# Wildcamping for one night near calais



## 100851 (Sep 4, 2006)

Hi All

We leave for ower sking holiday next week and we are going to travel on the none toll roads So does anyone no of a safe place to park up for the night near calais 

we will arrive at about 2am and i would like to sleep 
then travel down in the day


thanks mark


----------



## WingPete (Jan 29, 2006)

*Harbour Aire*

Try getting into the Calais town parking Aire. It is right on harbour entrance, by the beaches. And free.
Signposted from town access roads "Camping". After ferry terminals, head for town centre, then through shopping streets, to pick up signs. Plenty of space, waste dump facilities and fresh water. Good level hard surface, keep to right side of restaurant buildings, or you run up to height restrictor for big outfits, but good for 3 m heights.
No charge levied on Jan 19th this year !


----------



## klubnomad (Mar 6, 2006)

Last time I was in Callais, the aires by the docks - on the seafront was €7 per night.

Dave

656


----------



## Arizona (May 9, 2005)

Hi 

We always take the night boat over and stay on the aire in Calais quite a bit and yes it's €7 a night. I have seen campers just pull up and stay beside the trucks on the dock. There is also a car park on the left hand side before you go over the bridge into Calais town that I've seen overnight parking. 

Good Luck

Arizona


----------



## zulurita (May 9, 2005)

You will probably find that at this time of the year you won't have to pay the 7€ at Calais aires, generally in season when you have to pay. e.g.April-Sept. and not always then, sometimes just May-Aug.


----------



## Steptoe (Nov 8, 2005)

I've tried both the Aire and the car park for the terminal building ( on the left as you leave the ferry in the E16 direction )

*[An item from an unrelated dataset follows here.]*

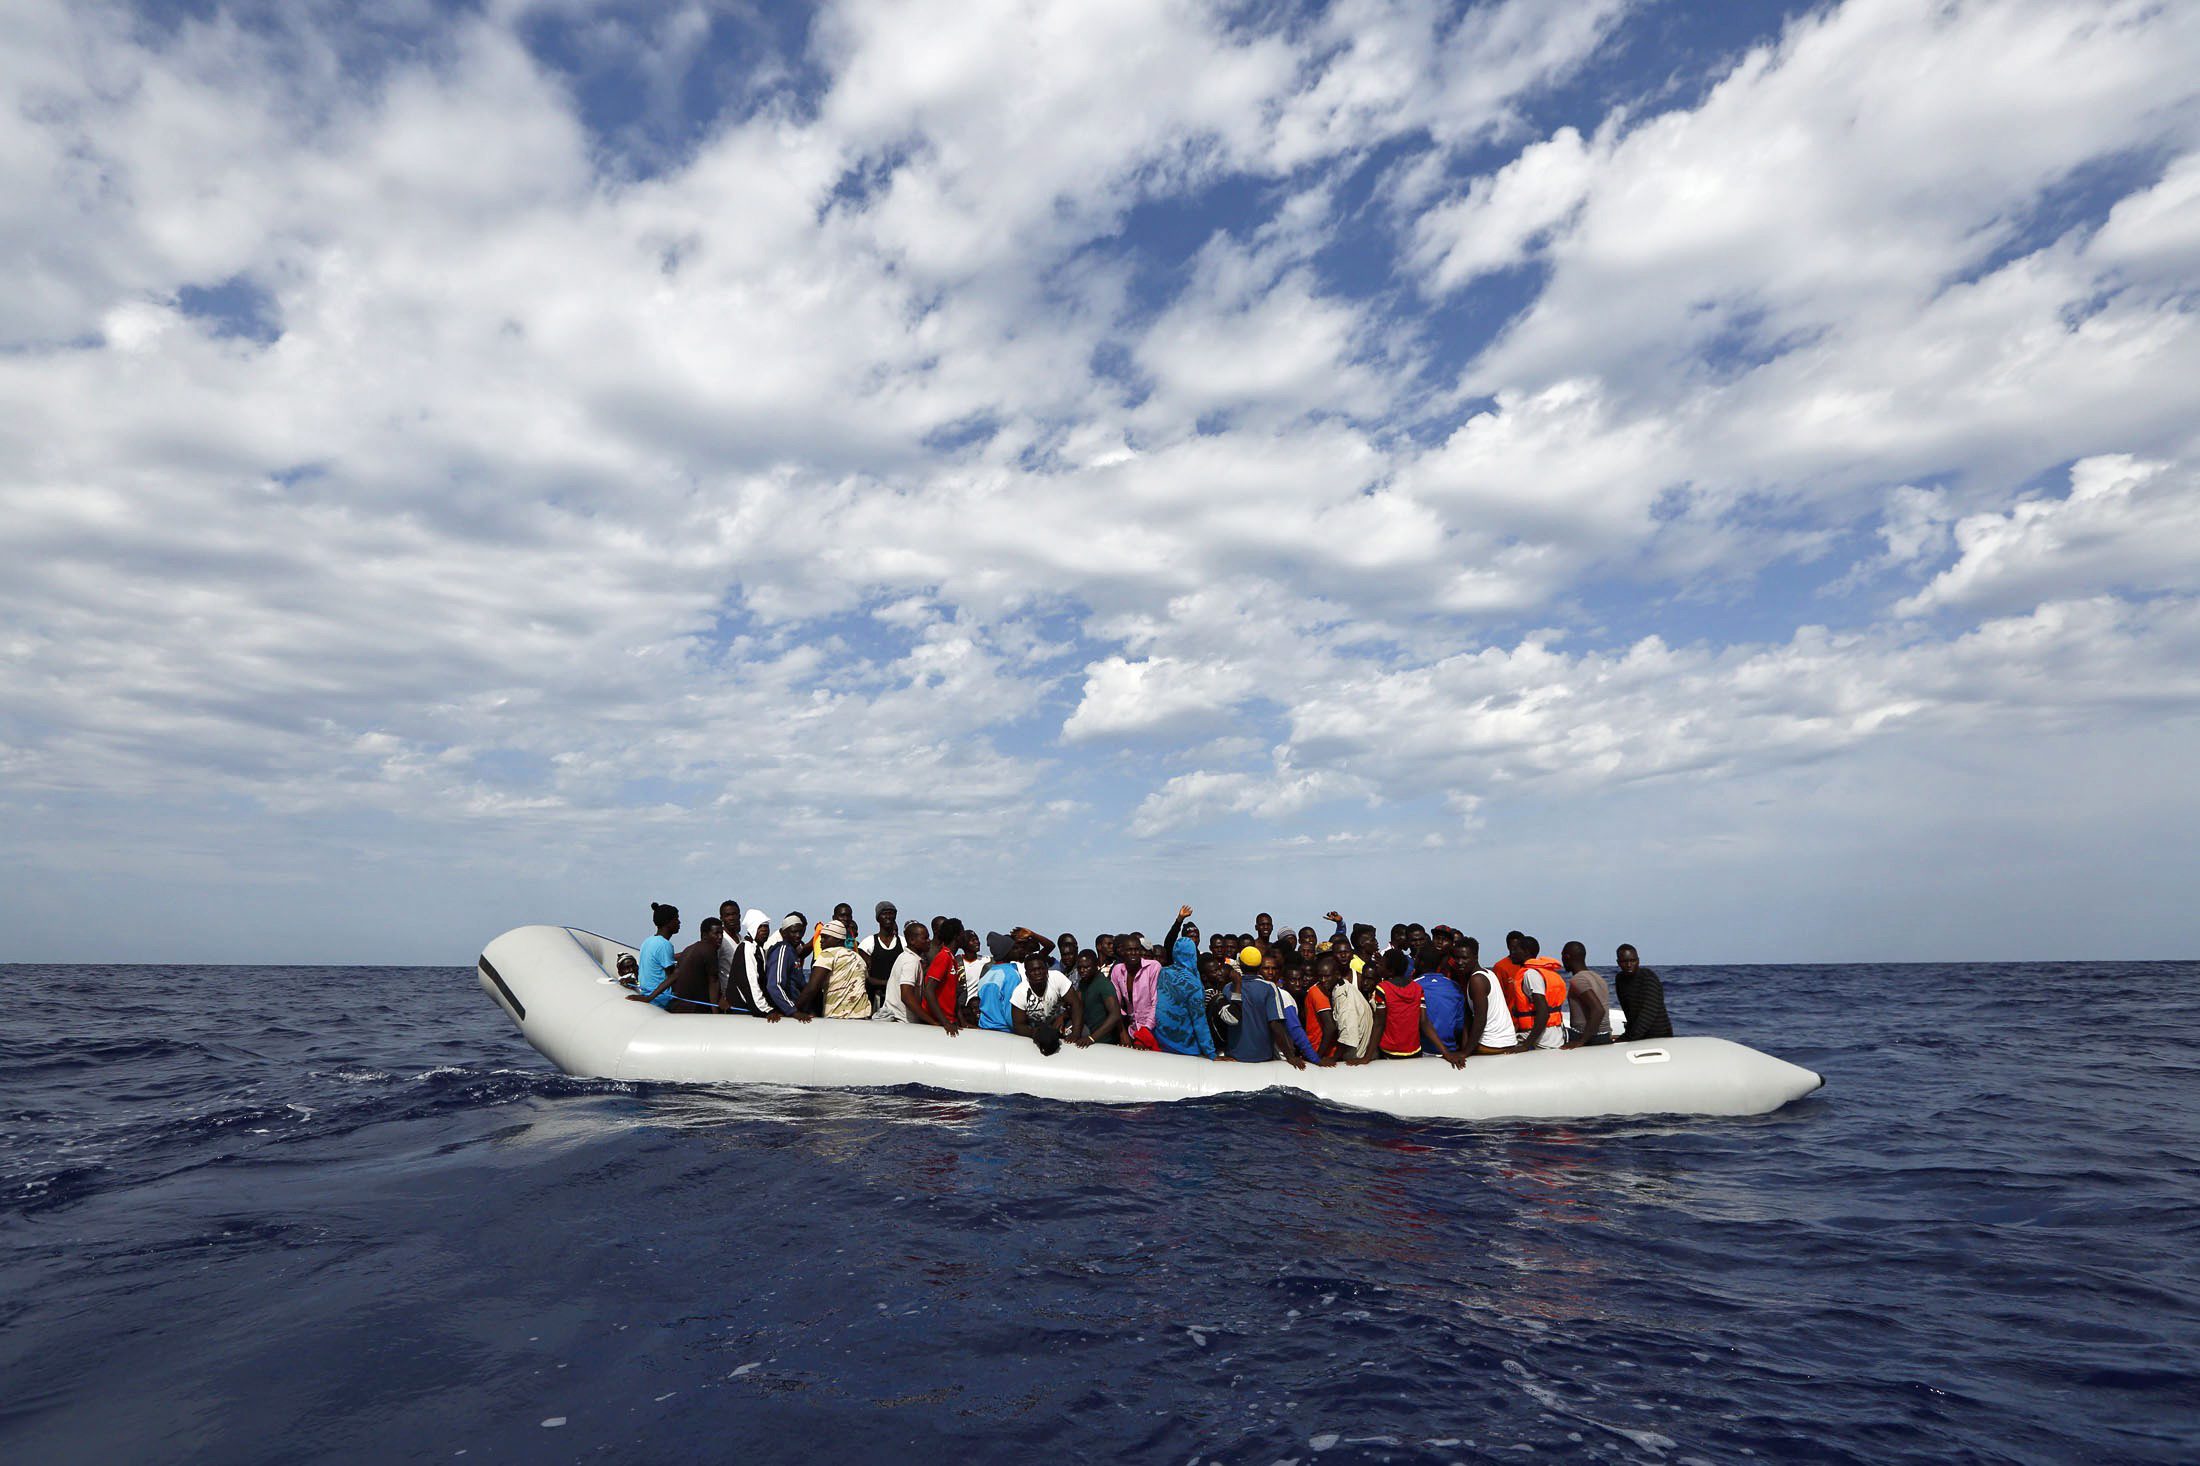 Όλο και περισσότεροι πρόσφυγες στη διαδρομή της κεντρικής Μεσογείου

Of the two I preferred the car park because of access to the toilets in the terminal, the Aire ones are closed off-season. There is constant lorry noise though, having said that there is ferry noise at the Aire.


----------



## thefman (May 1, 2005)

cap blanc nez is very nice just a ten minute drive away.


----------



## Patrick_Phillips (Aug 17, 2006)

*Wild camp near Calais*

If you are willing to drive about 50 mins to Le Touquet - South on the E402 to exit 26 and West on the N39 to Le Touquet Paris-Plage and head for the South West of the estuary.
You will find a sandy track right along the sea front with lots of No Camping signs but keep going to the end where the track turns East on the river bank and you will find lots of space right on the bank without any restrictive signs.
It is a magic spot well worth the effort!


----------